[Start of section]

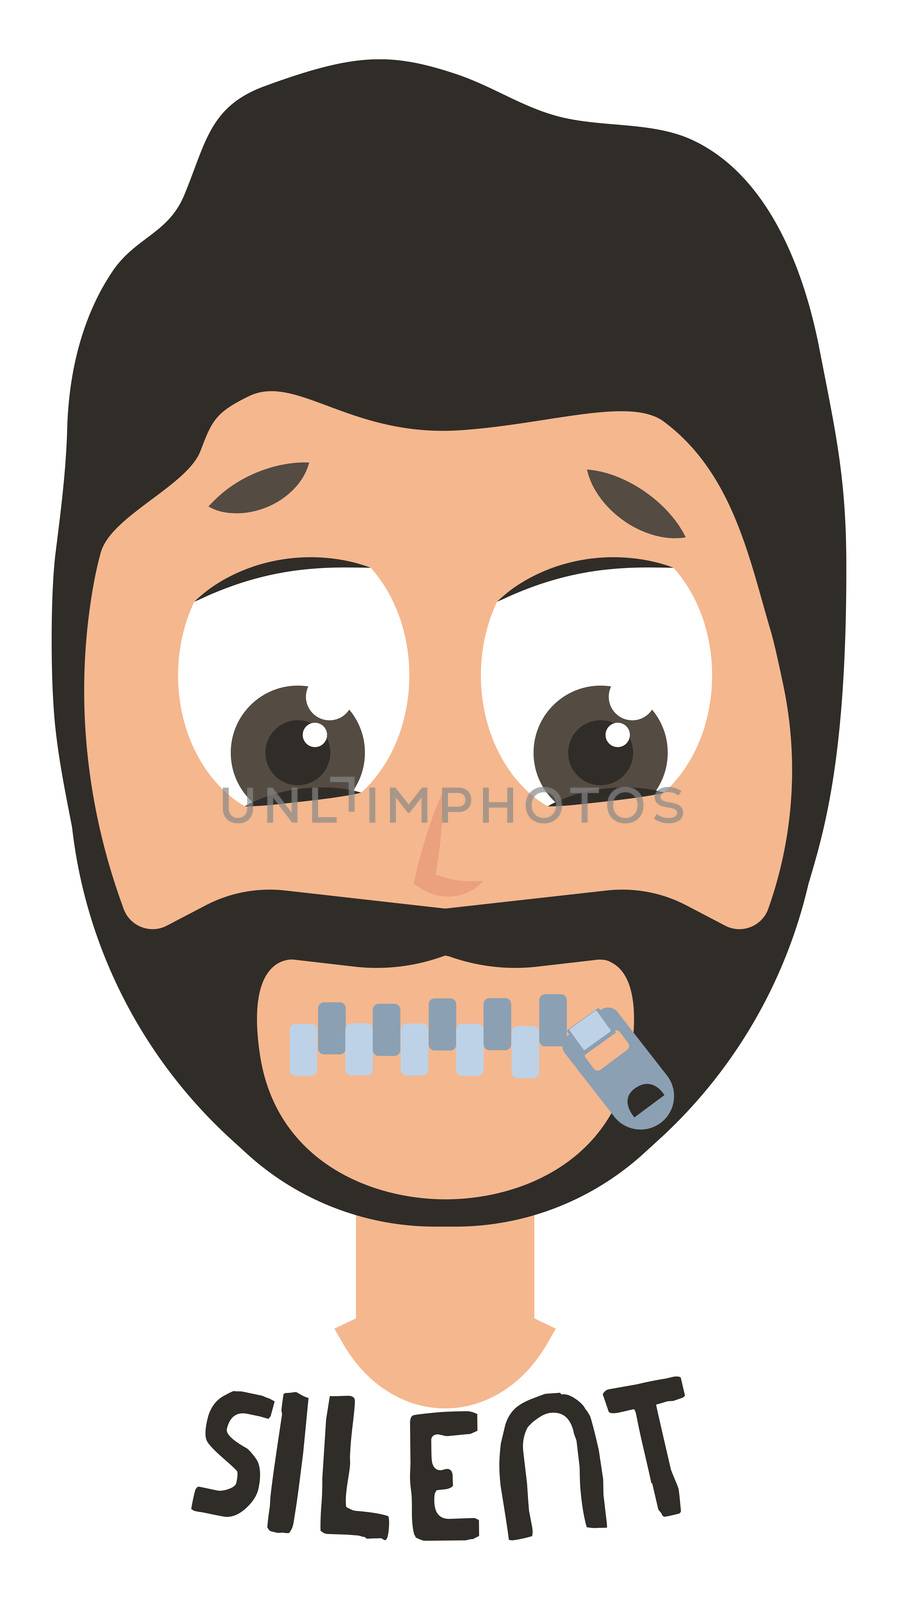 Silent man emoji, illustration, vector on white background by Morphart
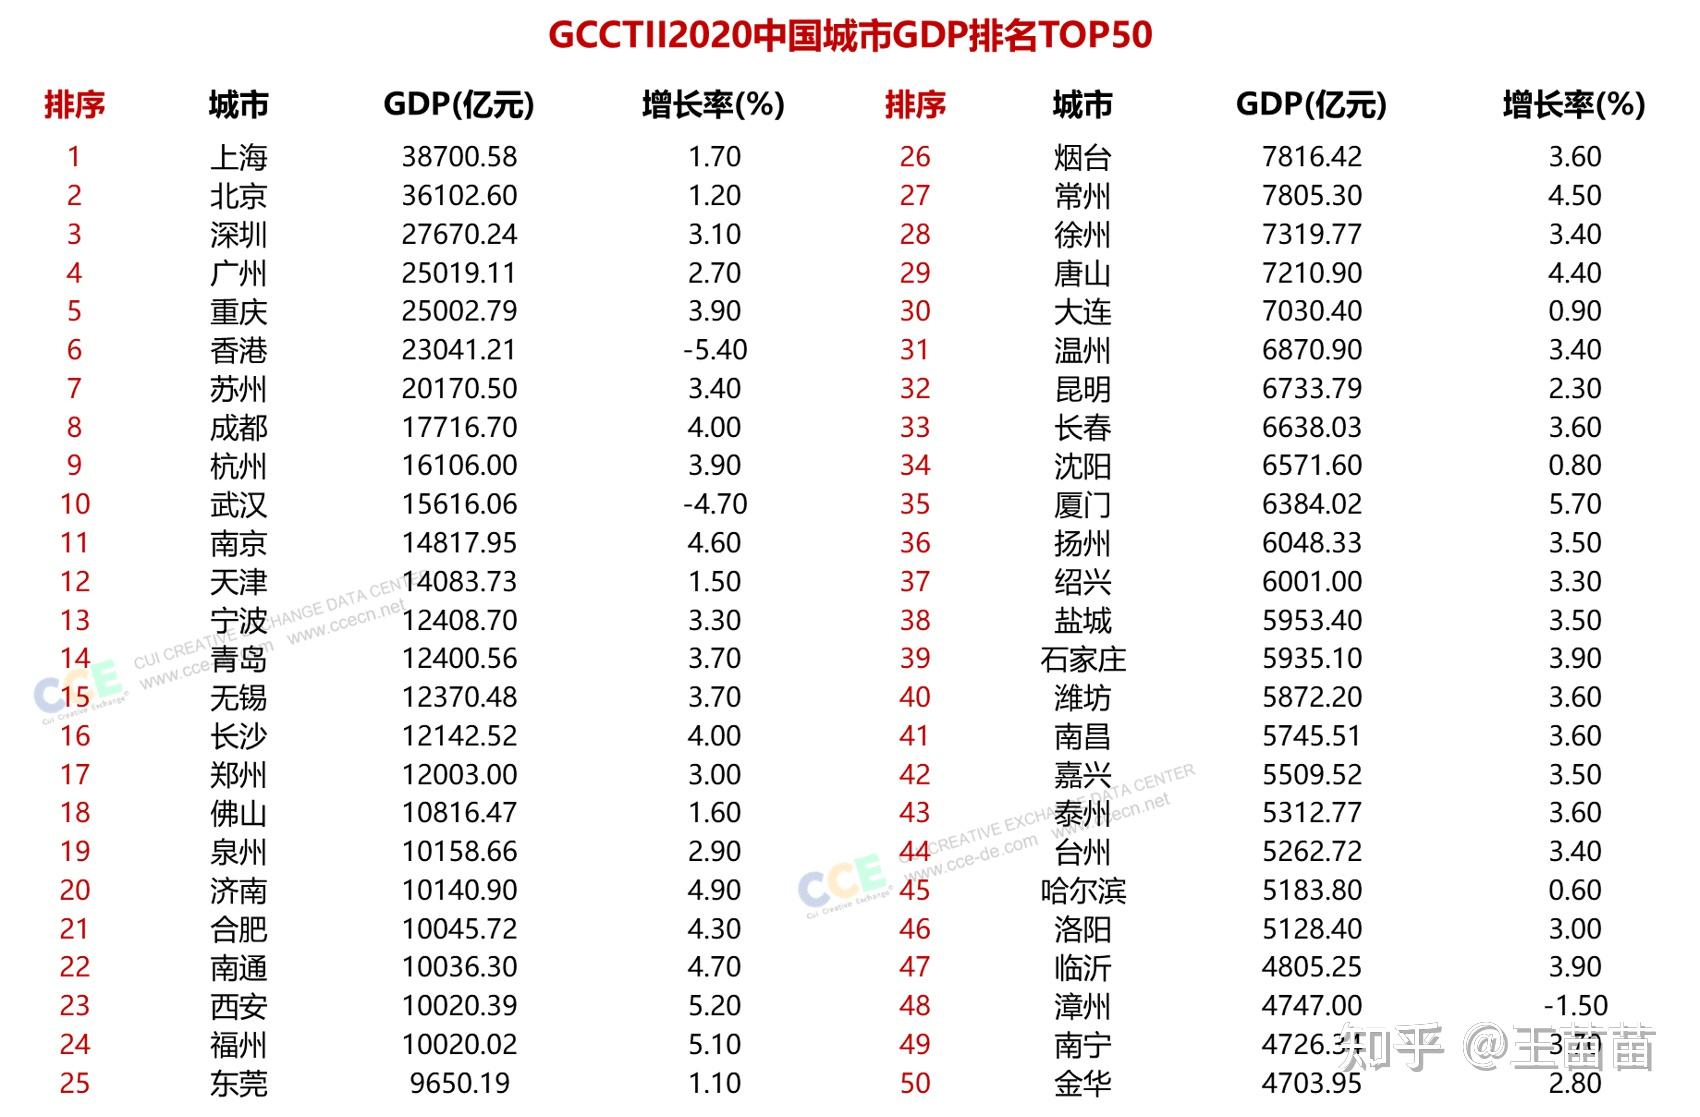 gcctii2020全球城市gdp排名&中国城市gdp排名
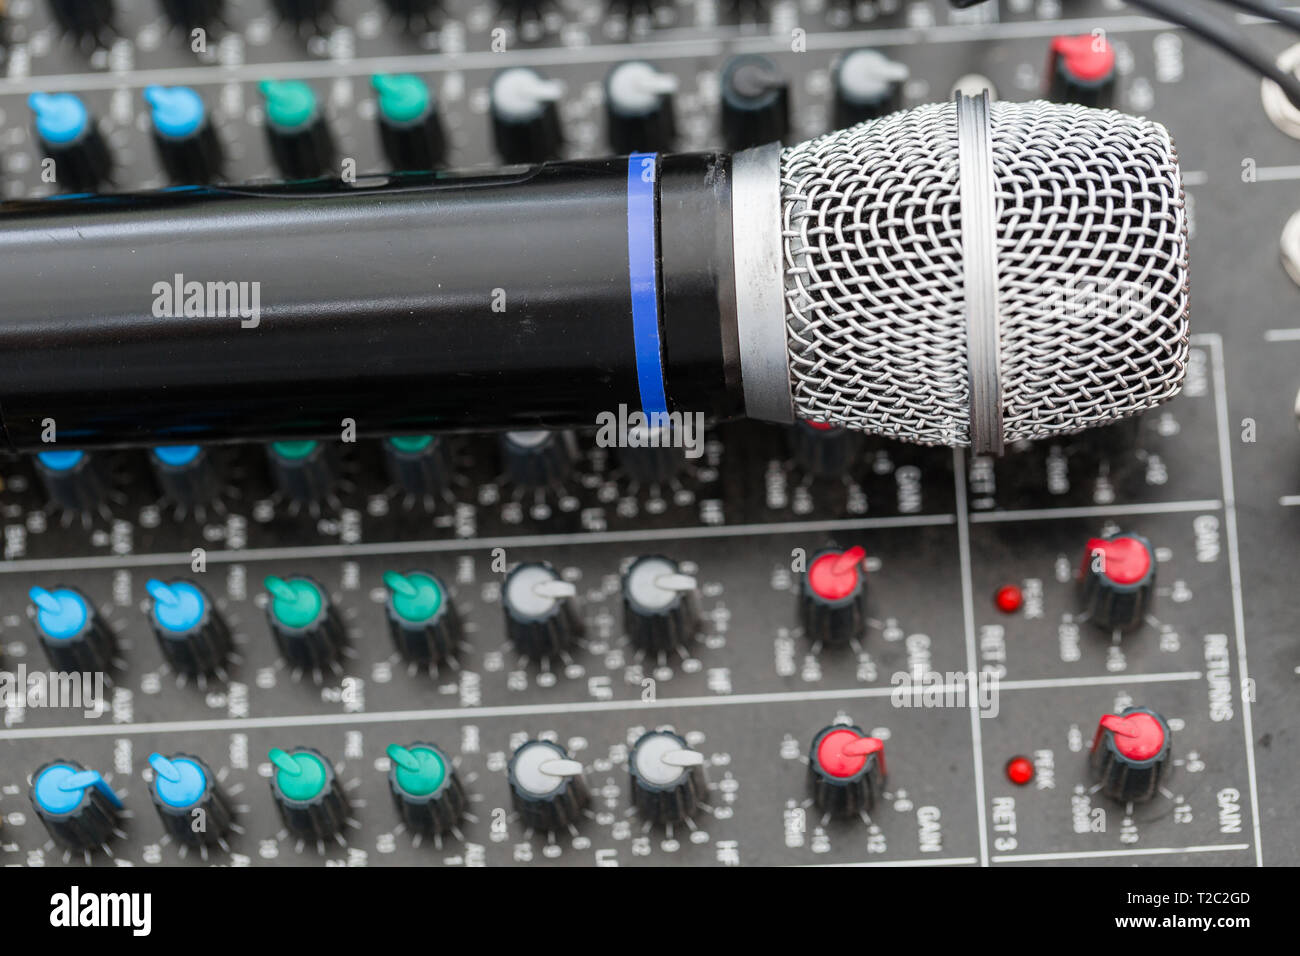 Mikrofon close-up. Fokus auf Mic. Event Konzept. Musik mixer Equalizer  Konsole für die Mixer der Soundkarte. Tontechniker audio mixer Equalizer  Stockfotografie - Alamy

[End of section]
[Start of section]

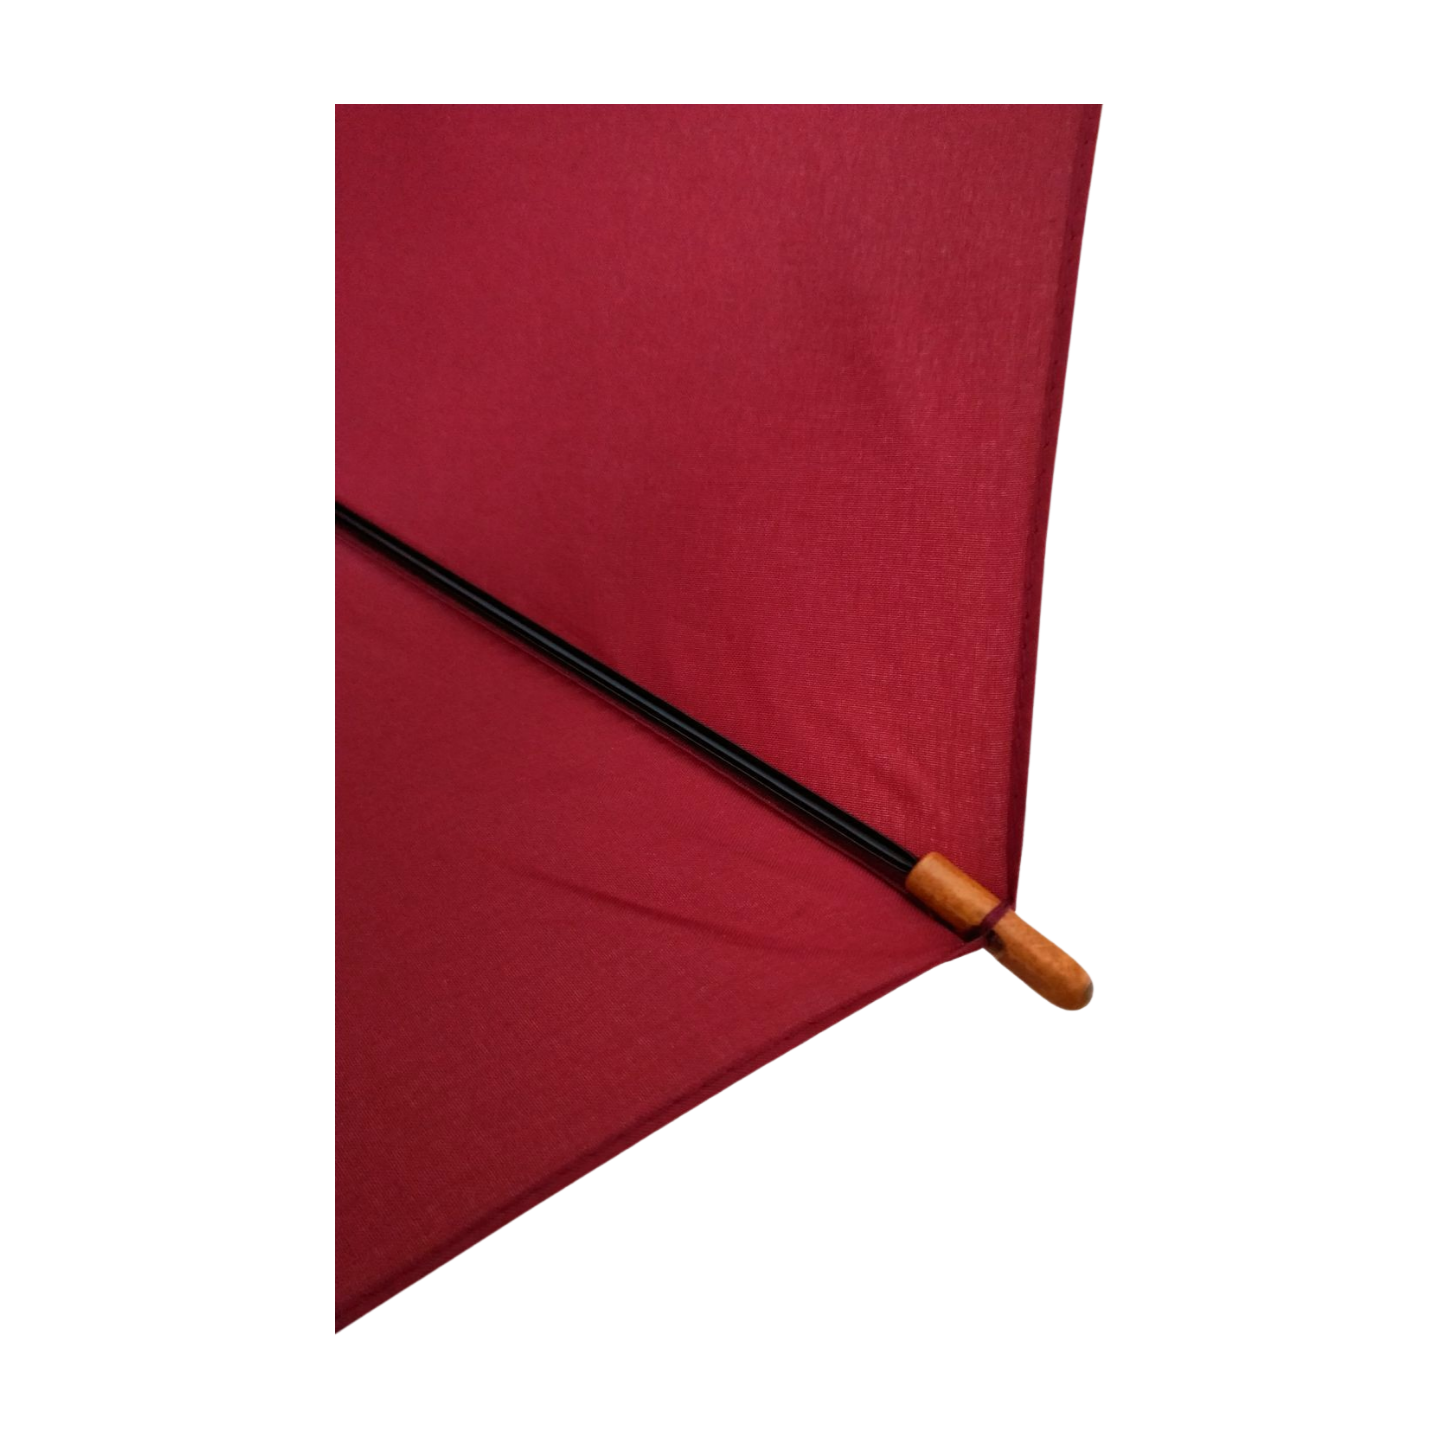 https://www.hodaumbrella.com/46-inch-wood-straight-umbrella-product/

[End of section]

WHAT YOU WILL DO => Nothing except the lines from the one containing "Silent man emoji, illustration, vector" through the one containing "Mikrofon close-up. Fokus" should appear in the answer, exactly as above and without pictures.

TASK ANSWER =>
 Silent man emoji, illustration, vector on white background by Morphart
 gcctii2020全球城市gdp排名&中国城市gdp排名
 Mikrofon close-up. Fokus auf Mic. Event Konzept. Musik mixer Equalizer  Konsole für die Mixer der Soundkarte. Tontechniker audio mixer Equalizer  Stockfotografie - Alamy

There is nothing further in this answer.